I'm impressed with anyone doing monk mode with a wife...I did it myself for 90 days once but then went right back, so the 90 day thing is not a universal fix. Now, I am close to my initial 3 month monk mode once again, but this time I am living alone (my wife left this year after a 30 year long marriage)
Monk mode or "hardcore" mode is potentially an enlightening experience. It has taught me so far that I can distance myself from my sexual appetites and still function day to day. Yes, the emotional part can be rough no doubt: anxiety, depression, self doubts etc. but it's all worth it.
The writing is a big deal for me, it's such a release!
I still have an obsession with fantasy about romantic involvement with women, not sexual so much, but more emotional.
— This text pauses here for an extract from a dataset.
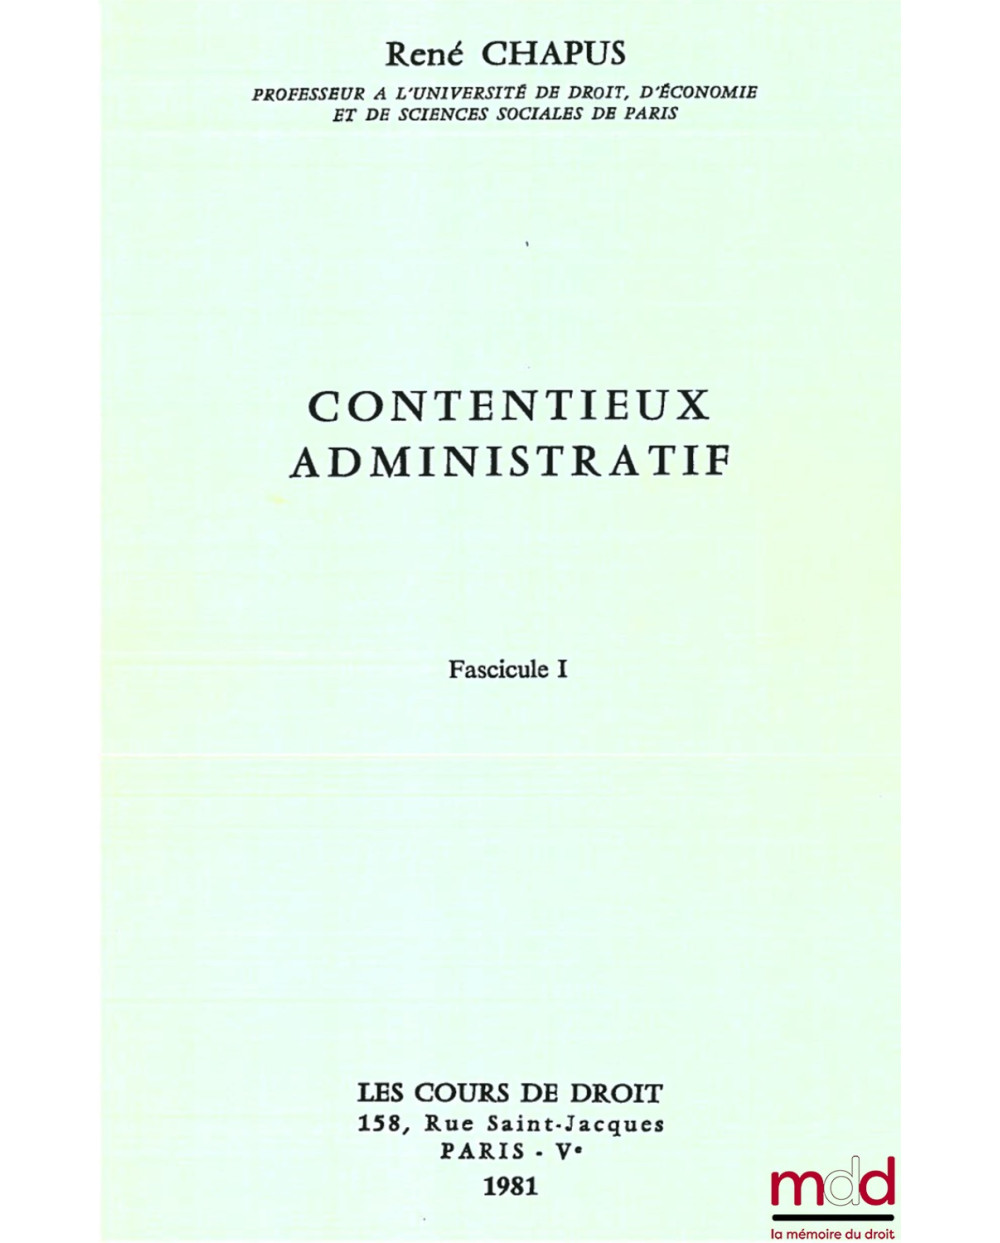 CONTENTIEUX ADMINISTRATIF, Fascicule I et II

But again, I am allowing myself to observe this rather than act on it in some way.
Confessing a porn/sex addiction to a wife is a big deal! I did it twenty years ago, and it didn't go well. She probably would have left if it wasn't for the kids. Well, now the kids are adults and she's gone.
The wife being gone is obviously a big plus and takes some of the sexual tension away, she could never measure up to the porn actresses in my fantasy life anyways, the poor woman.
Anyways, onward to recovery and hopefully sobriety!
well.. i think monk mode is a necessity unfortunately. For one, my wife took my disclosure very very hard. It will take time for her to heal. Knowing that I easily looked at other women on porn is a form of cheating to her so she feels betrayed. For that reason she is not ready to have sex with me nor should she until she feels ready. Honestly i think knowing what i know and where i am emotionally, I am not ready to have sex with her until I get myself right, she gets better, and we are better together.
Despite no PMO and no sex, its still easy for me to fantasize which is frustrating. This could be with my wife, or people I know. Fortunately I am not fantasizing about old porn scenes i know.
So yes maybe its impressive so far.
And the other thing is I'm still in a phase where this whole thing is really affecting me as well. I'm in a flatline of sorts still. I can get erections but they're not that often. I'd been dealing with performance anxiety prior to my disclosure too.
Like you, we are together right now for the sake of the kids. She did tell our therapist that she wants to work it out but what that endpoint is, I have no idea whether we can get there or what it will look like.
It pains me to say this, but with my wife having been on the low libido side even before all this, I'm really not sure what a post recovery sex life would look like. I know it seems selfish on my part, but the thought of not having sex again scares me as well.
Its easy for others to say things like "things will work out in the end" but that's where I struggle most. What does working out in the end look like? What if things don't work out? Starting over as a single man 40+ sometimes seems like maybe its better for her, and maybe for me as well. But when I see my kids it tears me up - our kids love us and to see us apart would tear them apart and that's not what I want to do to them.